Please print, exactly, only the lines in the entries below from the line that has "Apollo 15 untouched" through the line that has "A range of The". Pictures don't go in.

*Source data*:
╔══
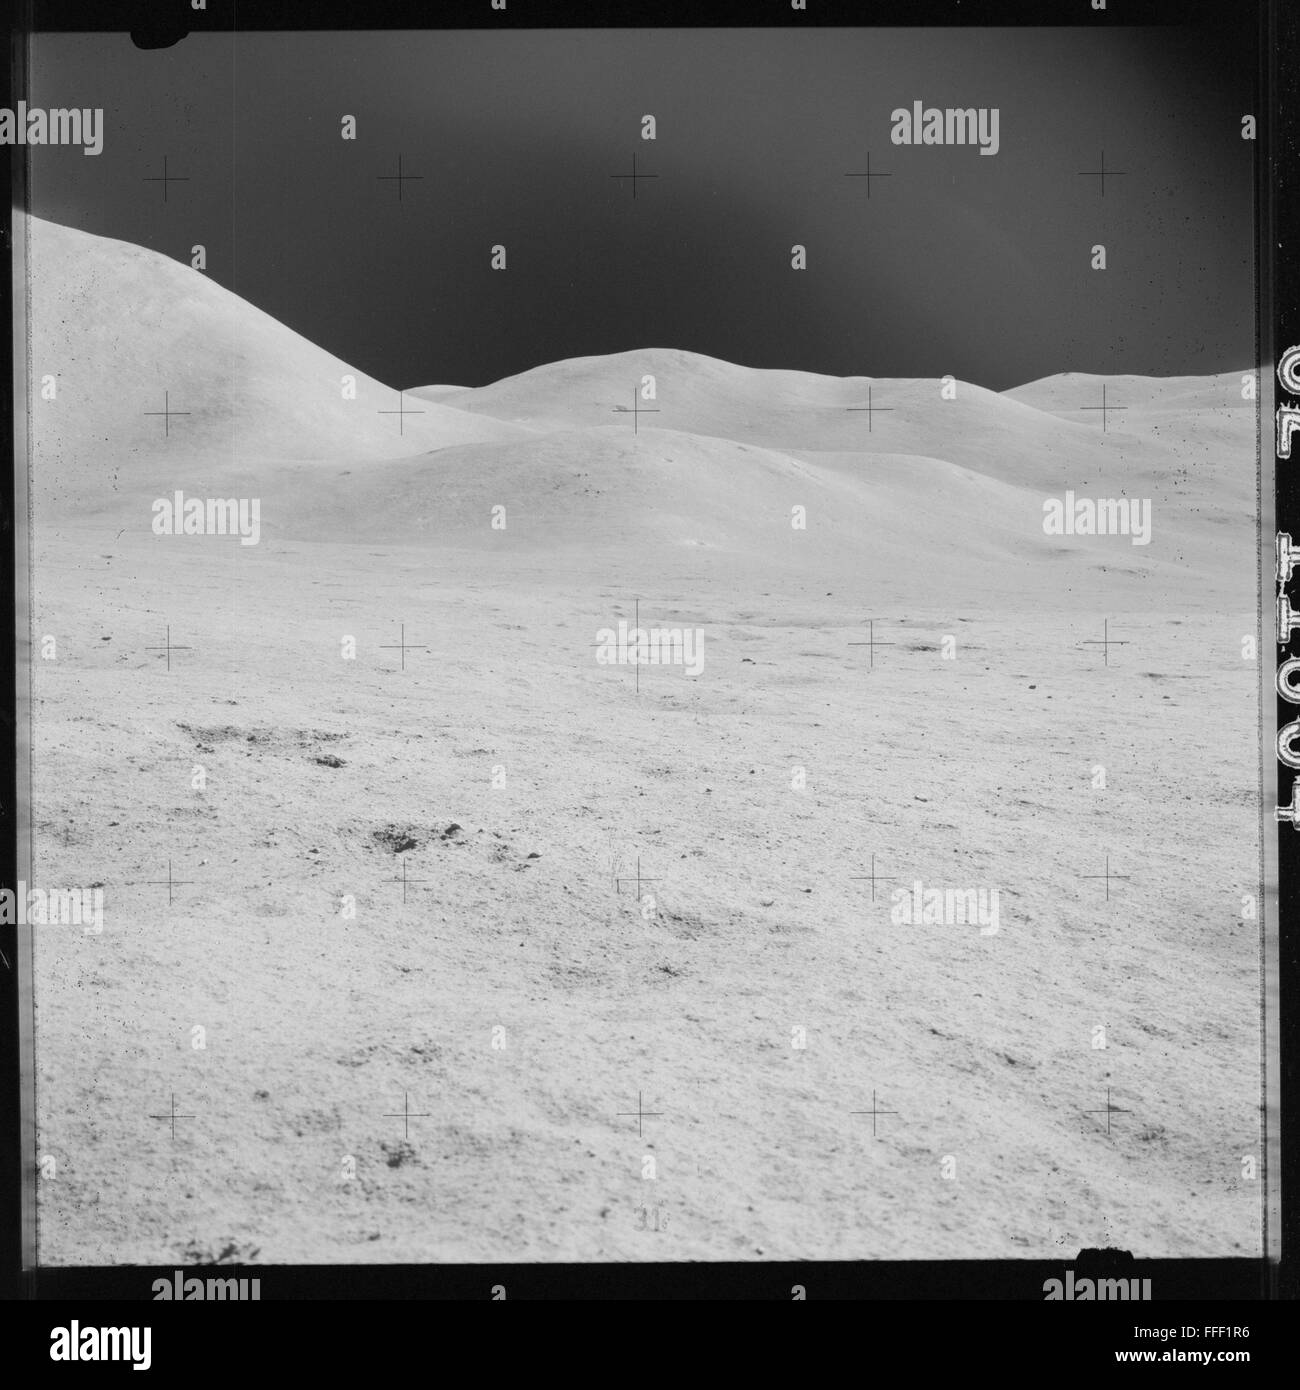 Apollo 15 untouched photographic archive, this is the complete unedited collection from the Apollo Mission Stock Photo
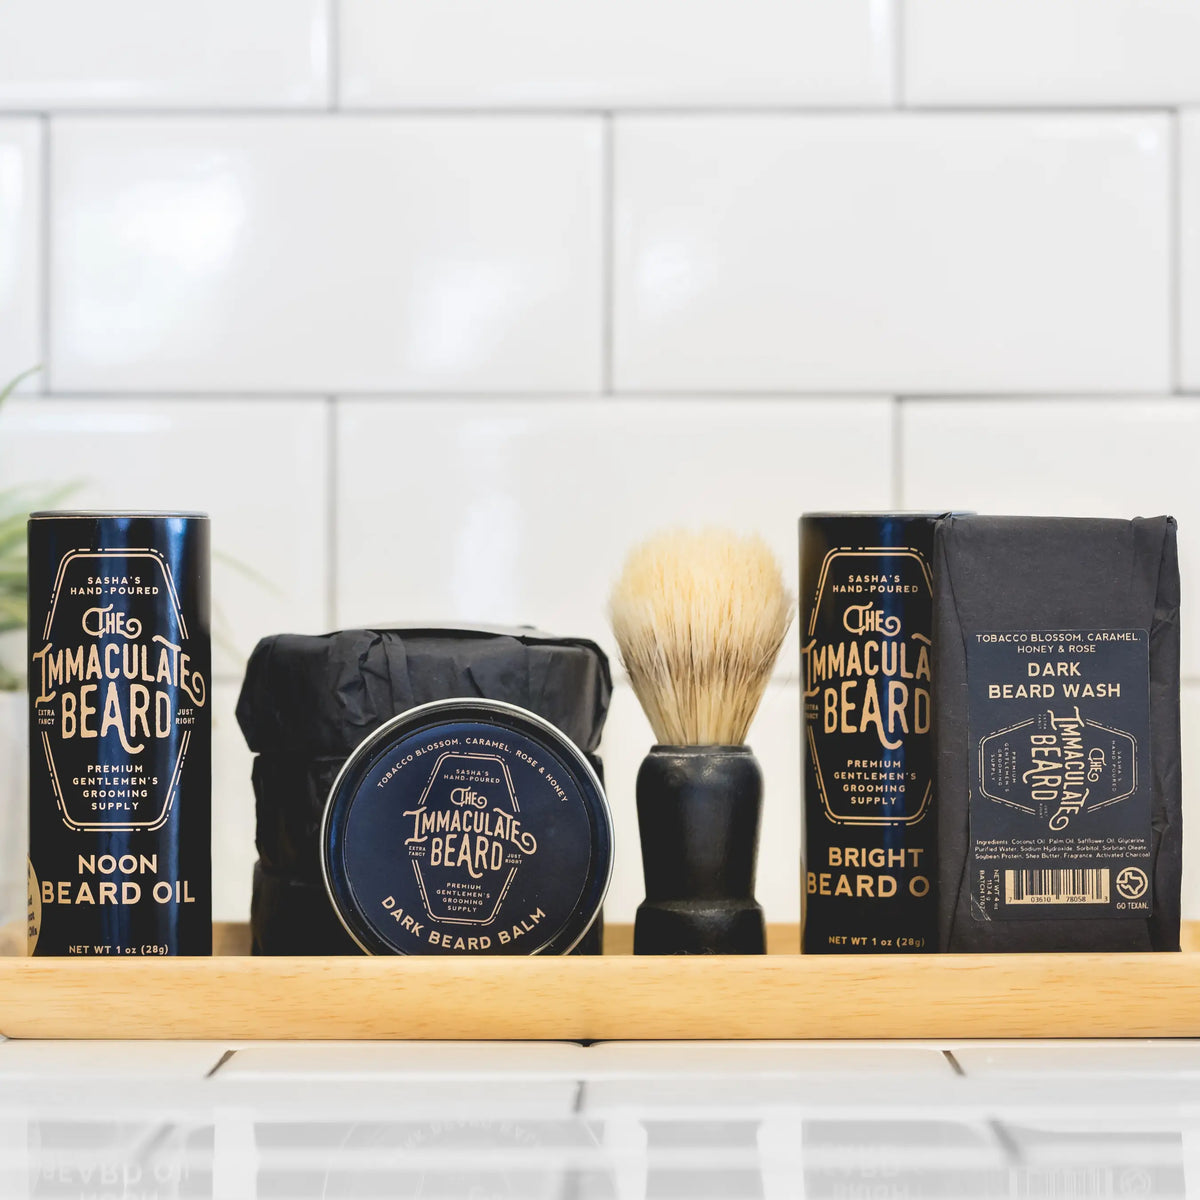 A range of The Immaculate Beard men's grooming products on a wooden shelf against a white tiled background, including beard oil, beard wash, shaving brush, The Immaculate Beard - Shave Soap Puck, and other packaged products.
╚══
╔══
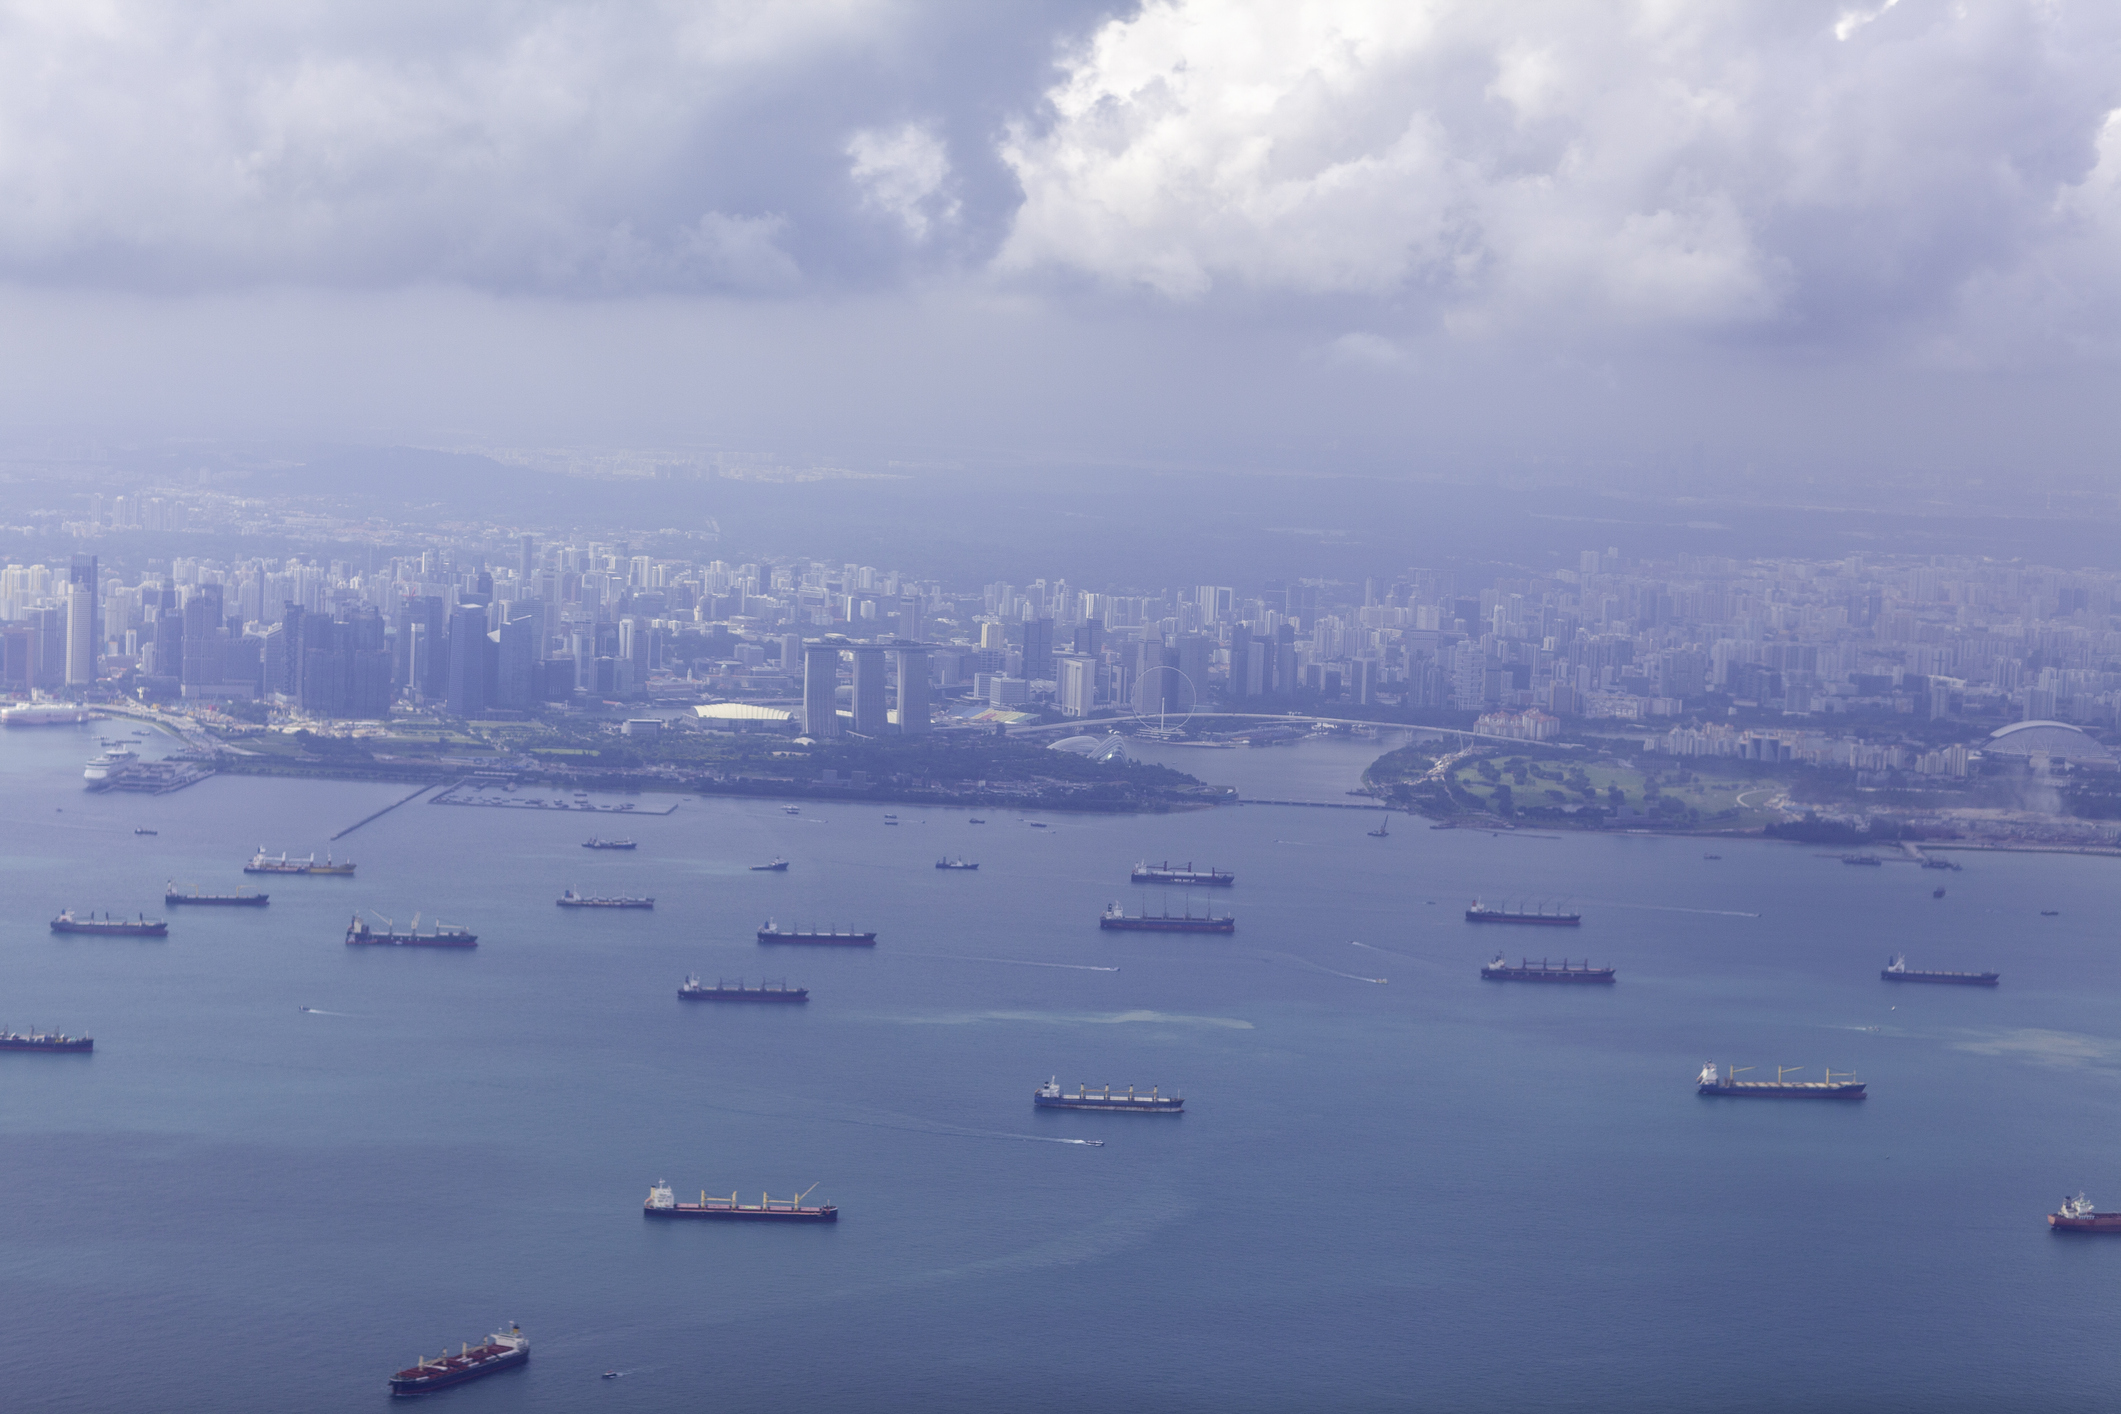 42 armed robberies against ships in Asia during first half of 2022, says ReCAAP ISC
╚══
*Completed exercise*:
 Apollo 15 untouched photographic archive, this is the complete unedited collection from the Apollo Mission Stock Photo
 A range of The Immaculate Beard men's grooming products on a wooden shelf against a white tiled background, including beard oil, beard wash, shaving brush, The Immaculate Beard - Shave Soap Puck, and other packaged products.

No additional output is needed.